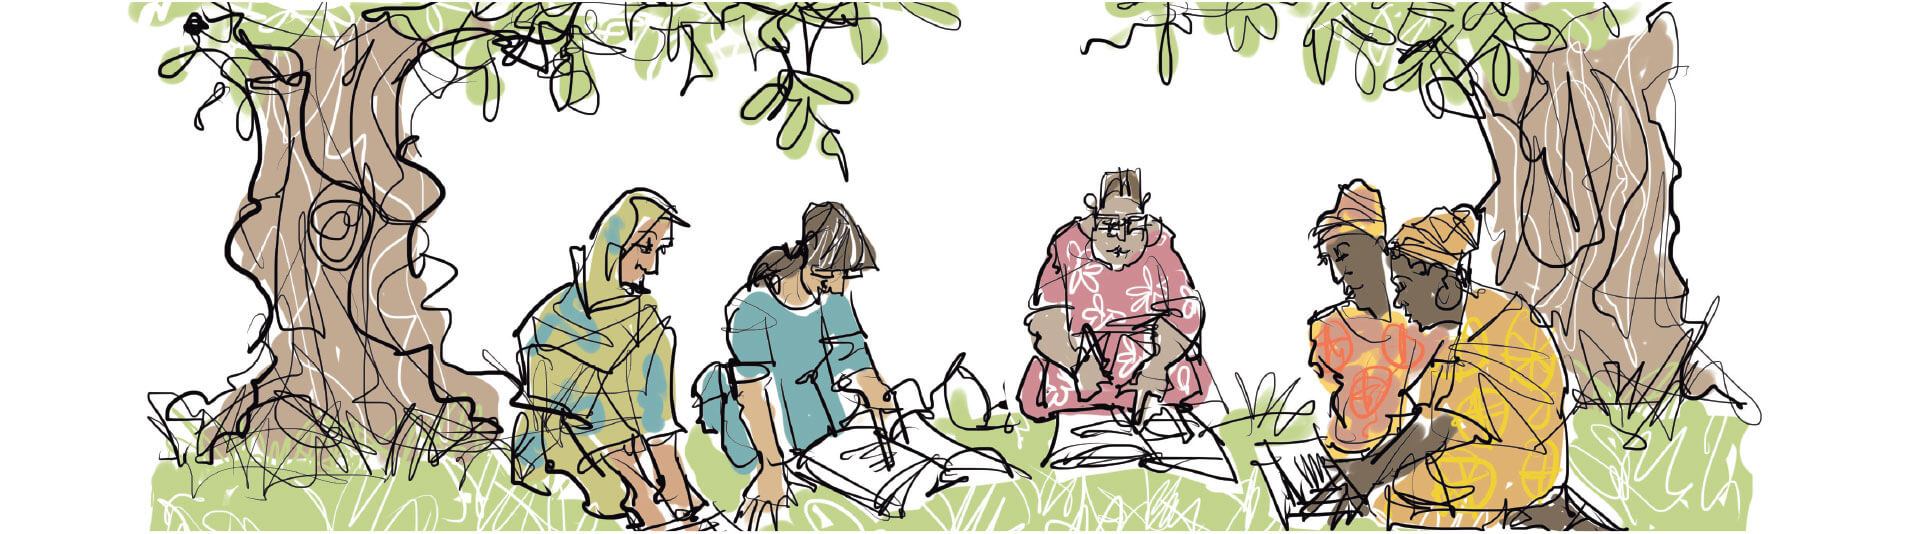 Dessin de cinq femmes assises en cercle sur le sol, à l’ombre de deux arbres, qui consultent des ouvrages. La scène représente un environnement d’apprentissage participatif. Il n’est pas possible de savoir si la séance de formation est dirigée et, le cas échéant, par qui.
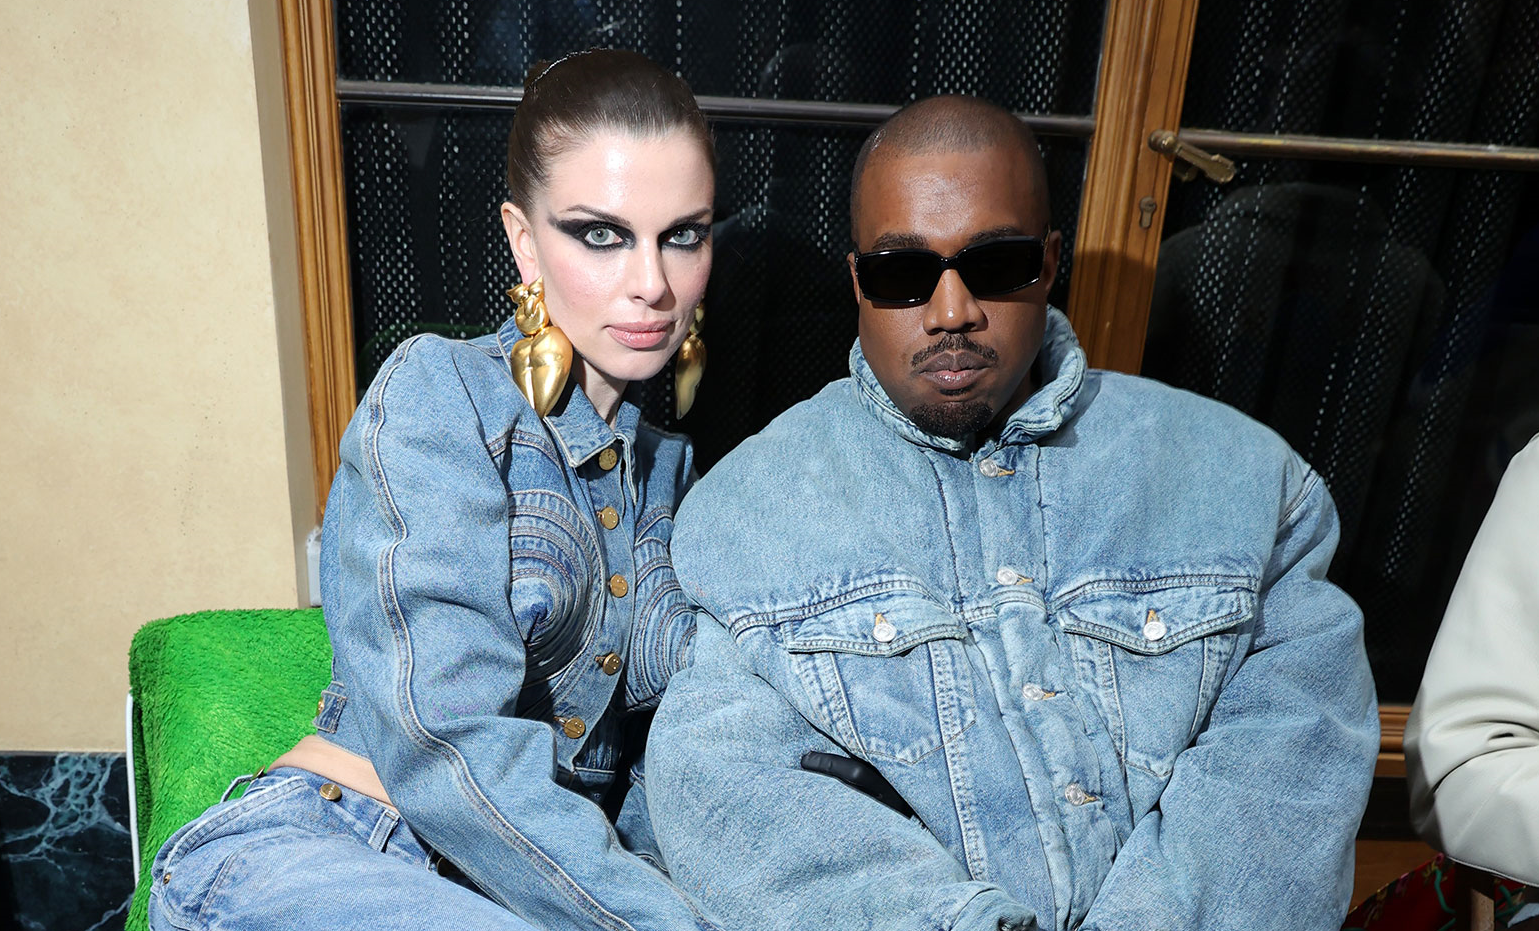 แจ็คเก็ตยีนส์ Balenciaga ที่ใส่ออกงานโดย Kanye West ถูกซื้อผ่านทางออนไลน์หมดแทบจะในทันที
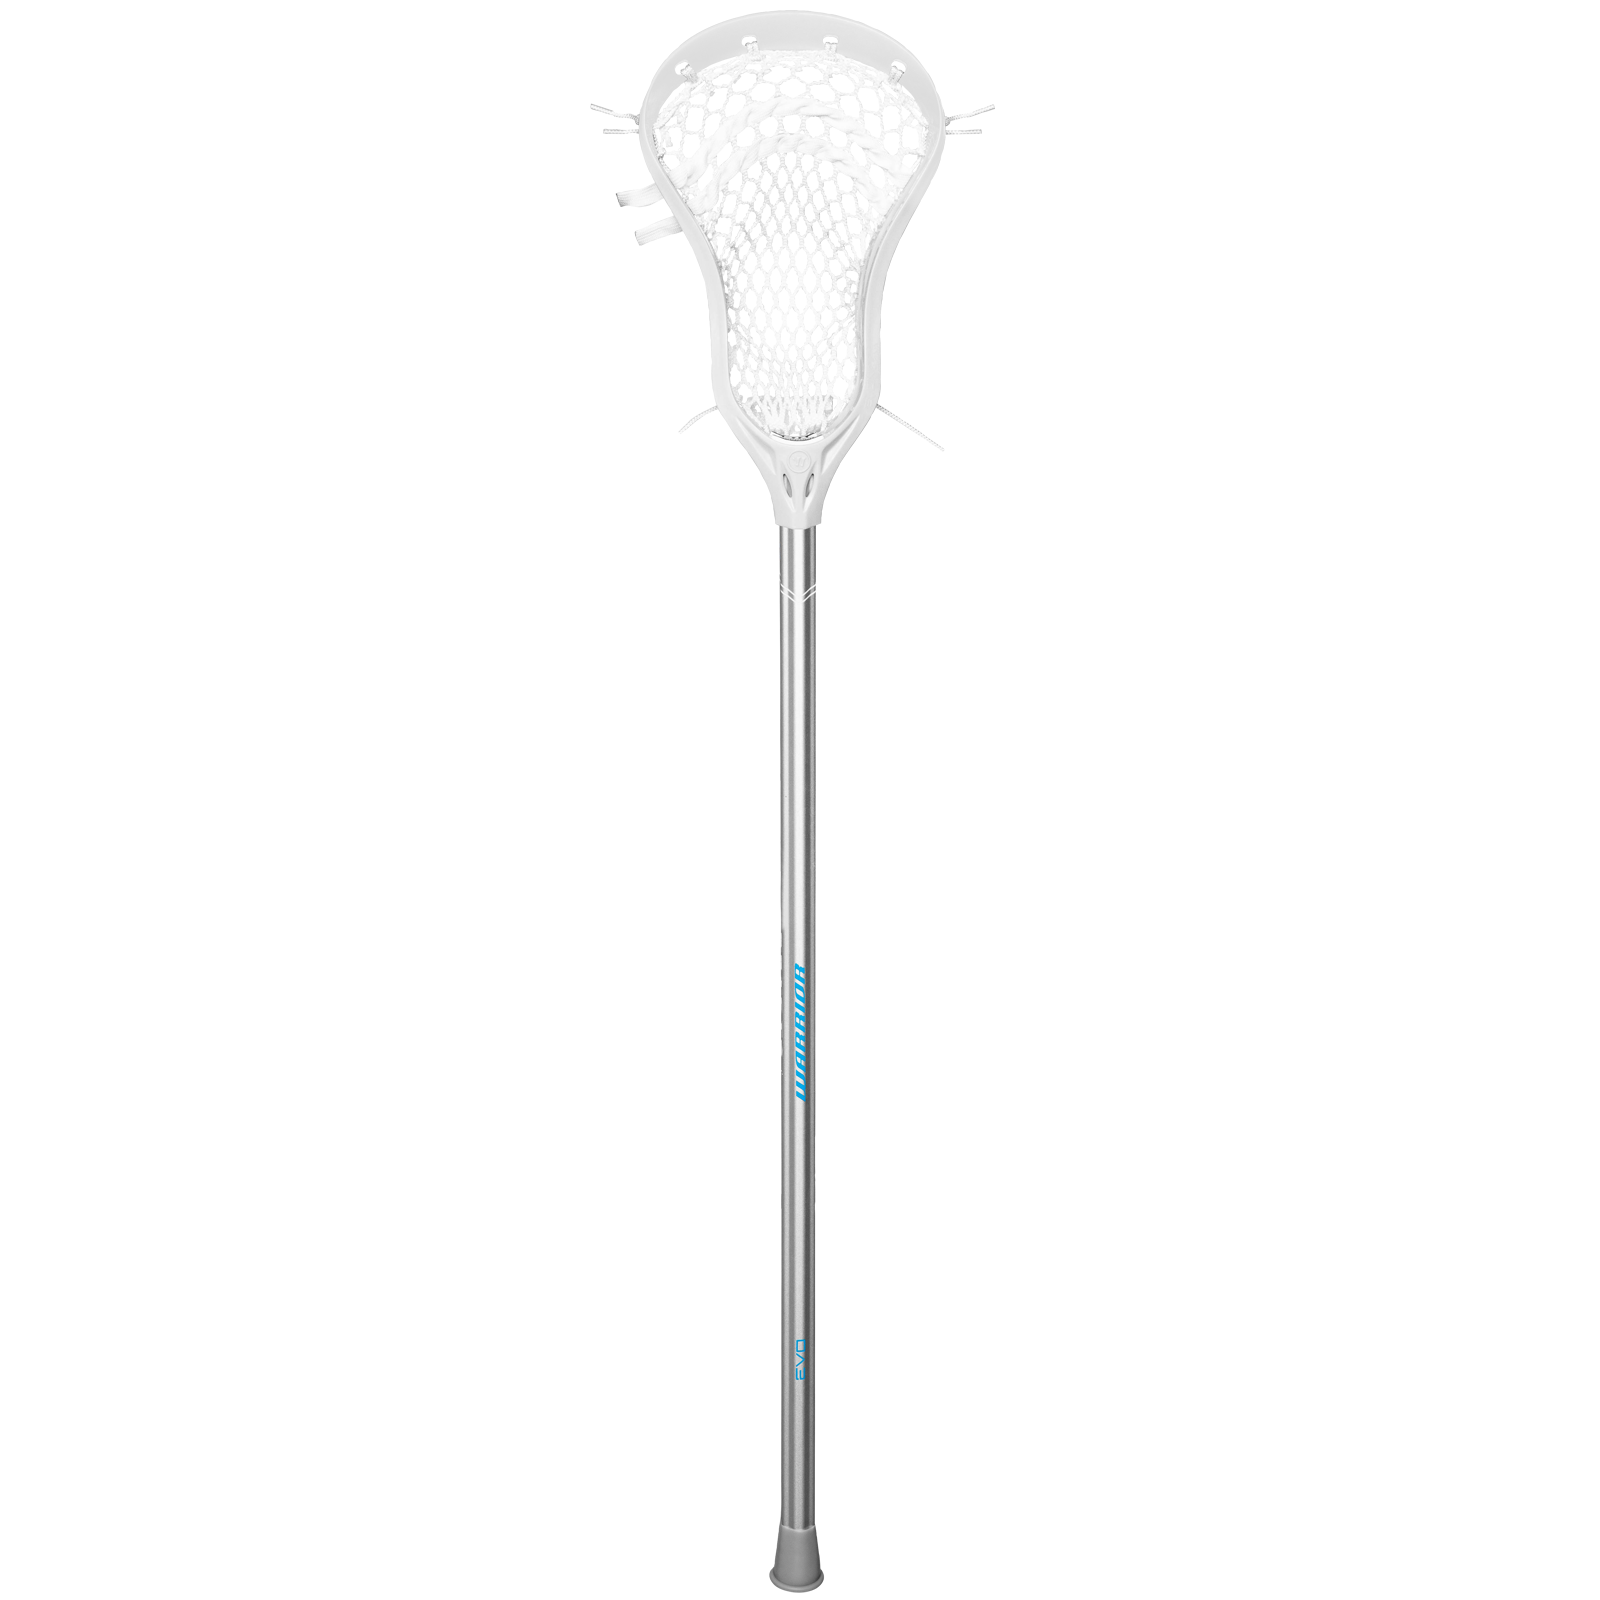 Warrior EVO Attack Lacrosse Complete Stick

**PROBLEM DESCRIPTION**: This task asks for the data above repeated exactly, without a single picture.

**TASK OUTPUT**:
 Dessin de cinq femmes assises en cercle sur le sol, à l’ombre de deux arbres, qui consultent des ouvrages. La scène représente un environnement d’apprentissage participatif. Il n’est pas possible de savoir si la séance de formation est dirigée et, le cas échéant, par qui.
 แจ็คเก็ตยีนส์ Balenciaga ที่ใส่ออกงานโดย Kanye West ถูกซื้อผ่านทางออนไลน์หมดแทบจะในทันที
 Warrior EVO Attack Lacrosse Complete Stick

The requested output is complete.